The Planner task can also include a link to the originating thread.
This works well for:
- onboarding requests
- action items from meetings
- issue triage
- travel requests
- operational checklists
Trigger another form
A submitted form can also lead into another form.
This is useful when:
- the next step depends on the first response
- different request types need different follow-up questions
- you want to keep each form shorter and easier to complete
For example:
- a travel request form might lead to a car booking request form
- an intake form might lead to an approval form
- a project request form might lead to a document upload form
Design forms around the outcome
When creating a form, it helps to decide what the assistant should do after submission.
Ask yourself:
- Should the assistant draft an email?
- Should it create a task?
- Should it generate a file?
- Should it route the request to another workflow?
- Should it show another form?
If you know the outcome first, it is easier to choose the right fields and instructions.
Example uses
| Form purpose | Possible output |
|---|---|
| Travel request | Create a Planner task and show a follow-up form for car hire |
| Customer enquiry | Draft a reply email |
| Approval request | Draft an approval email with the submitted details |
| Document review | Summarise the request and attach the uploaded file |
| Onboarding request | Create a Planner task for the onboarding checklist |
Import or export a form
The Forms editor supports JSON import and export for individual forms.
Export a form
Use export when you want to:
- reuse a form in another assistant
- keep a backup
- edit the form definition outside Theta Assist
Import a form
Use import when you want to load a JSON form definition into the selected form.
Review the imported form before saving, especially:
- form name
- display instructions
- submission instructions
- field labels
- required fields
- attachment settings
Schema download
The Download JSON schema option gives you:
- a machine-readable schema
- authoring guidance
- a reliable way to create valid form JSON with another assistant
This is especially useful if you want an assistant to draft the form for you.
What happens in chat
In attended chats
In a normal chat with a person:
- The assistant triggers the form.
- The form appears in the conversation.
- The user completes and submits it.
- Theta Assist posts the submission back into the thread.
- The assistant continues from that submission.
In unattended runs
In unattended or background runs, Theta Assist cannot wait for someone to fill in a form.
Instead of showing an interactive form, the form definition is used as structured guidance for the run. Where information is missing, the run may need to rely on available context rather than user input.

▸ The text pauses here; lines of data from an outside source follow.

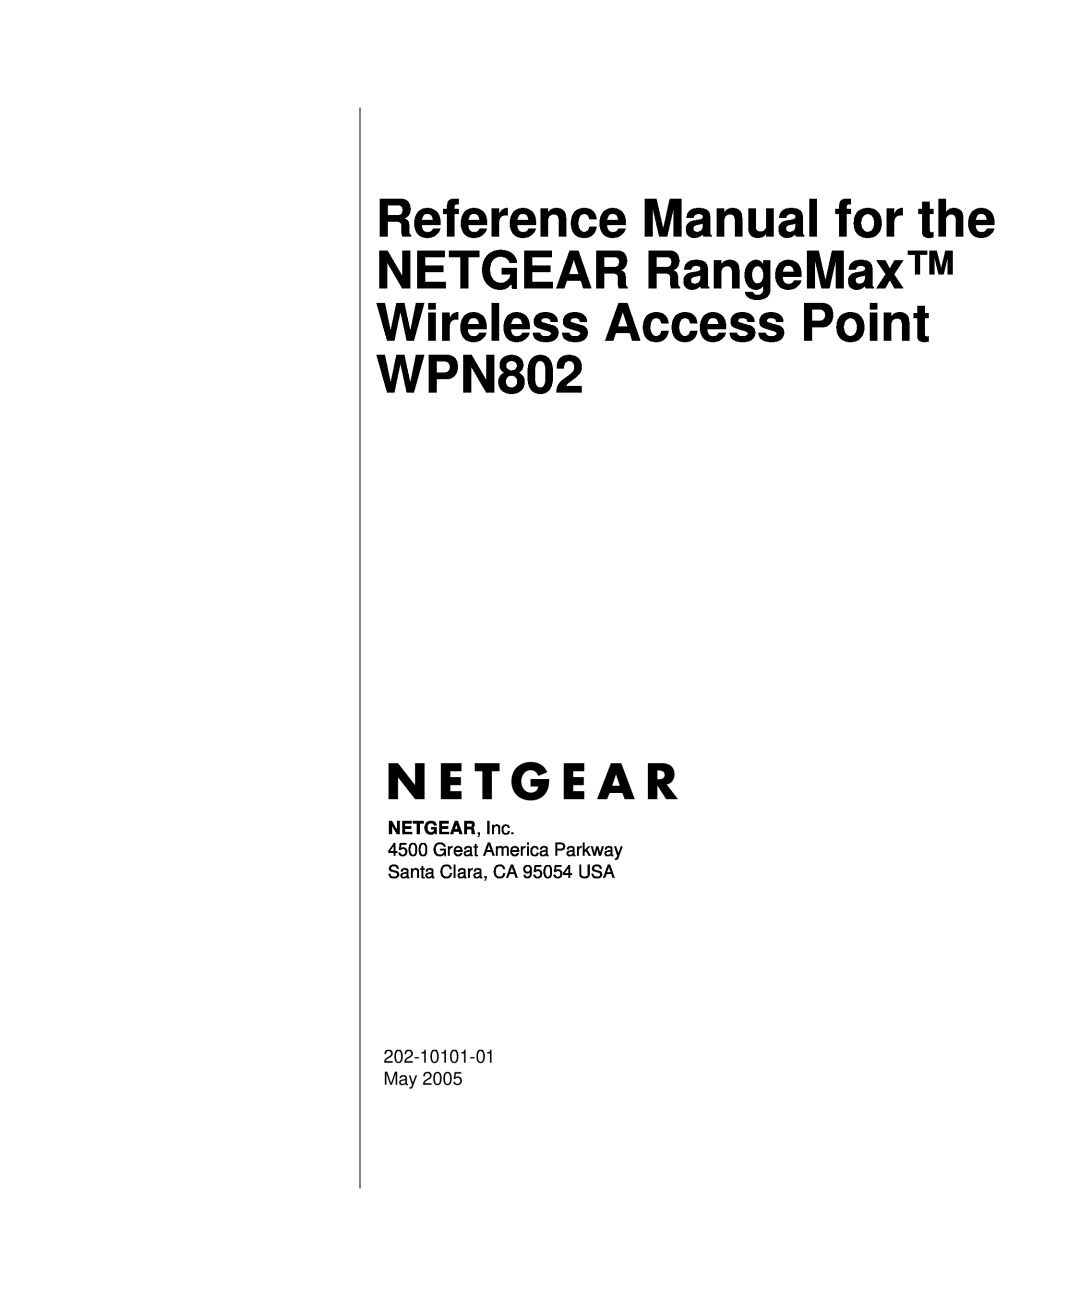 NETGEAR WPN802 manual NETGEAR, Inc, Great America Parkway Santa Clara, CA 95054 USA, 202-10101-01 May 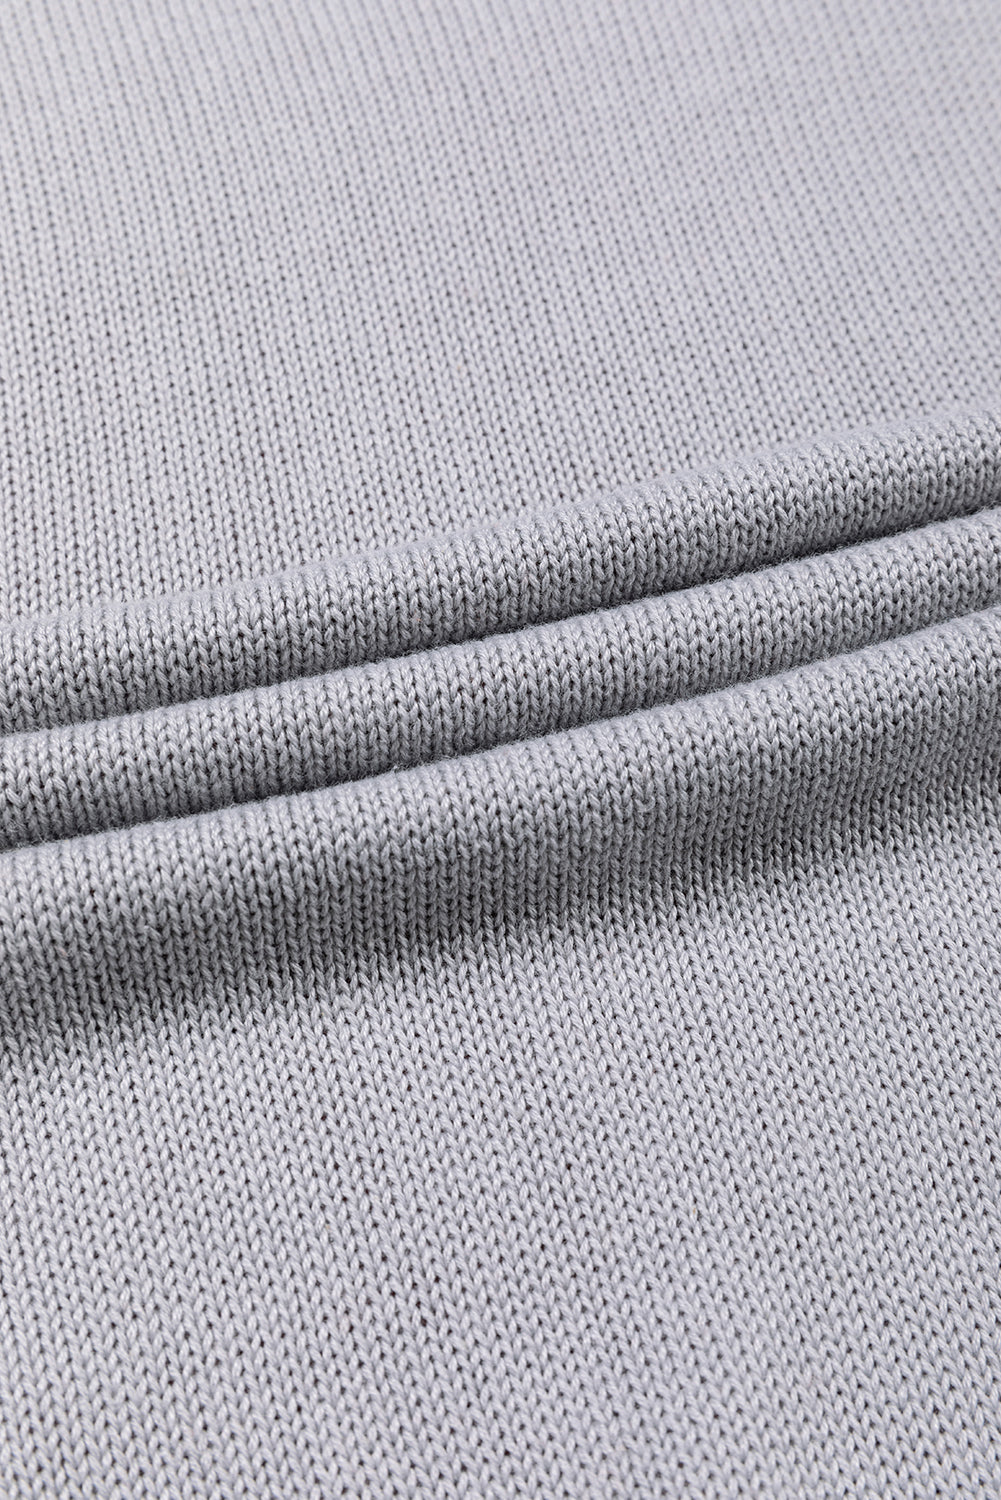 Grauer Colorblock-Pullover mit gerippten Ärmeln und Bischofsärmeln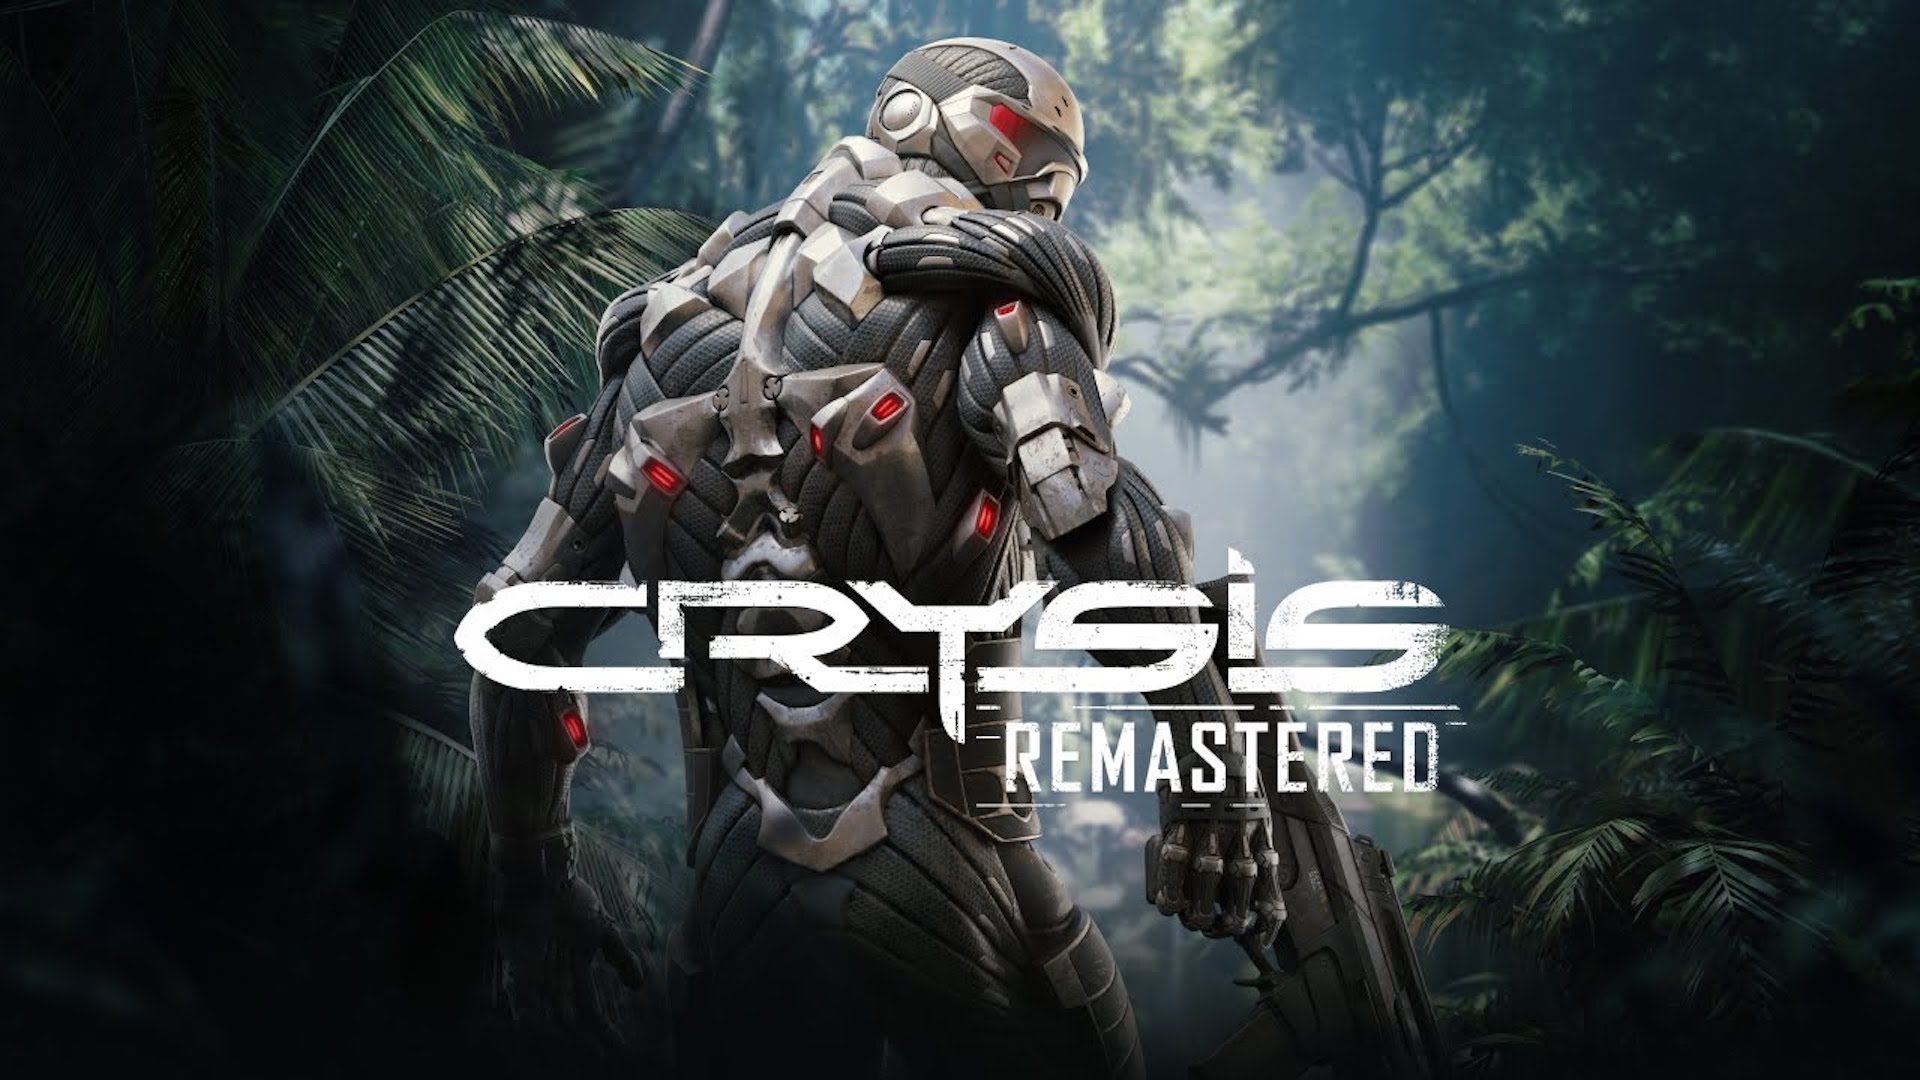 Crysis Remastered Features "voiko se suorittaa Crysis?" Grafiikkaasetukset PC:ssä

Form availability in chat history
A form may become unavailable if:
- the thread is read-only
- the form has already been submitted
- the conversation has moved on
When this happens, the form can still stay visible in the thread, but it can no longer be submitted.
Limits and validation
Theta Assist validates forms when they are saved.
Key limits include:
- up to 20 forms per assistant
- up to 50 fields per form
- up to 50 options in a select field
- unique form names within an assistant
- unique field names within a form
Theta Assist also checks things like:
- required fields
- valid field types
- number ranges
- date rules
- allowed attachment extensions
Tips for writing good forms
- Use clear, specific field labels.
- Keep help text short and practical.
- Only ask for information the assistant actually needs.
- Use attachment fields when reviewing a file is part of the workflow.
- Test the form in chat before sharing the assistant with others.
- Use separate forms when different request types need different questions.
After completing the task
After you create your form:
- test it in a real chat
- check how the submitted message appears
- confirm the assistant responds correctly to the submitted values
- review any attachment restrictions before sharing the assistant
If you plan to reuse the form, export it after testing.